Mr John Samuel Clipson died peacefully at his residence in Church Street. He was 84 years of age. He was the second subscriber for the telephone in Rushden and afterwards secured the phone number 1. He was the first local rider of safety bicycles (after many adventures on the penny farthing type), and the first local owner of a private motor car. A tribute at the interment ceremony described him as “one of the builders of Rushden”.
A meeting of Rushden UDC heard that the Regional Technical Advisor had approved the scheme for 111 shelters in Zone 1 and had accepted the tender at a total cost of £16,632.10s to accommodate 4,260 people. The tender was covered by a 100% Government grant. The shelters were erected and the architects were proceeding with a scheme for the second of the four zones.

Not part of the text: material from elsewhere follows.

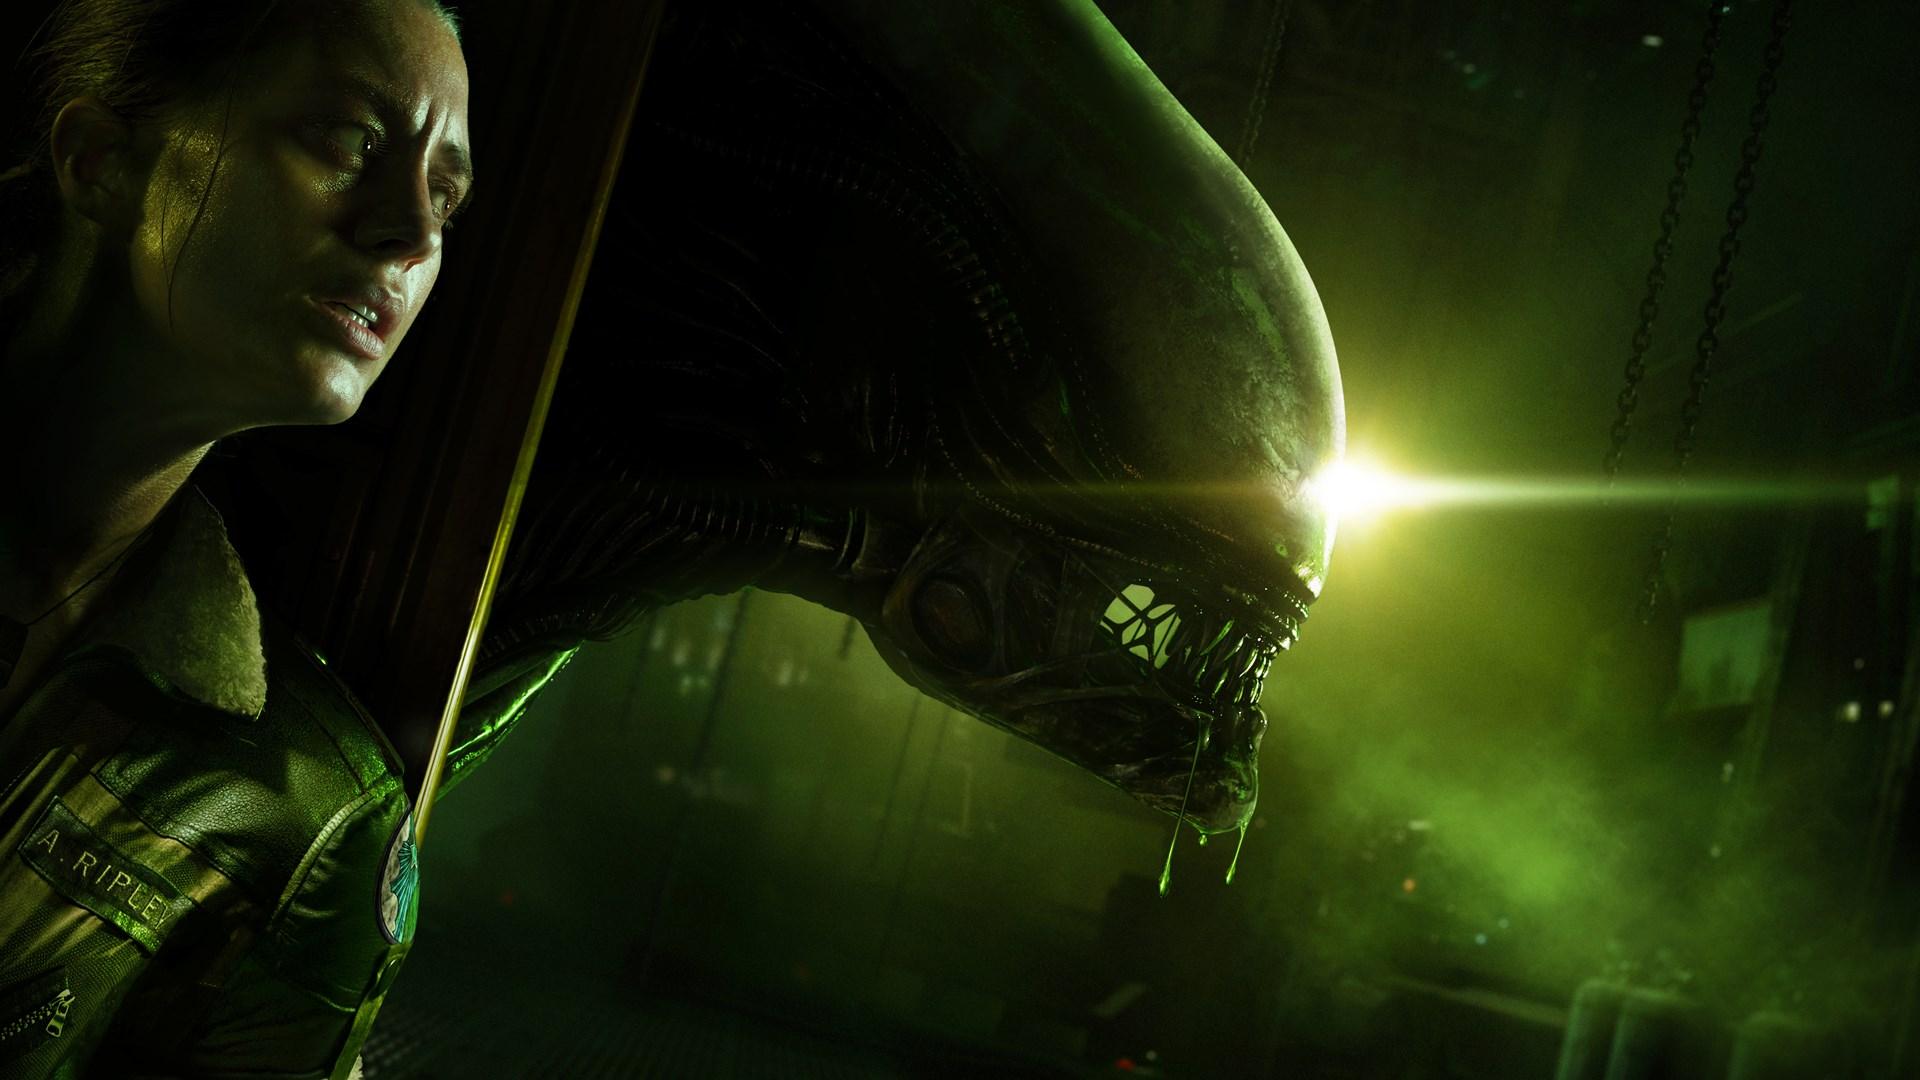 Hasil gambar untuk Alien isolation

Hundreds of letters from the “boys” poured in following the July distribution of five‑shilling postal orders by the Rushden Serving Men’s Parcels Fund. One man wrote, “It pleases me when I receive the Rushden Echo and read of the good work being done by the good-hearted people at home. It has always been the same in Rushden”. Another man said, “I like the very aptly put verse of poetry it suits the times perfectly”.
Regional and county experts watched a mock air-raid at Rushden and spoke in high praise of the town’s ARP services. Incidents were staged involving about 75 casualties, several fatal. There was a serious one at the Ritz cinema, a bomb having fallen on the stage end during a performance. Another bomb had cut College Street with a large crater, putting electricity and water supply out of commission.
A wartime day nursery for children from two to five years of age was to be established at Rushden. The County Medical Officer had inspected a site in Spencer Park, where a hut holding sixty children could be erected. The Park Committee suggested that, as by far the largest number of artisan dwellings are in the West Ward, a more suitable site would be near the Tennyson Road Schools.
Great news was released for publication of the Spitfire, “Impregnable”, the gift to the county from John White (Impregnable Boots) Ltd. The £5,000 plane gained a distinguished record in the hands of a brilliant Polish squadron of the Royal Air Force. It definitely destroyed two Messerschmitts and played havoc with others. It had been operating since May.
At a meeting of RUDC, there was an impressive report on Rushden’s Voluntary Fire Guard organisation, with its 2,500 members. Equipment in their hands included 220 ladders, 250 long rakes, 280 long shovels and 625 stirrup pumps. All were equipped with steel helmets, and armlets had been ordered.
Eighty-seven members of the Rushden Youth Service Corps Dancing Group enjoyed their first meeting at the Adult School when dancing instruction was given to them in two age groups by Miss Peggy Webb MRAD who dealt principally with the elementary steps. There were forty-six juniors and forty-one seniors.
Rushden, Higham Ferrers and Raunds went all nautical for the Warship Week Campaign in February. The three towns and their neighbouring villages set out to finance and adopt HMS Quorn, a modern destroyer of the Hunt Class.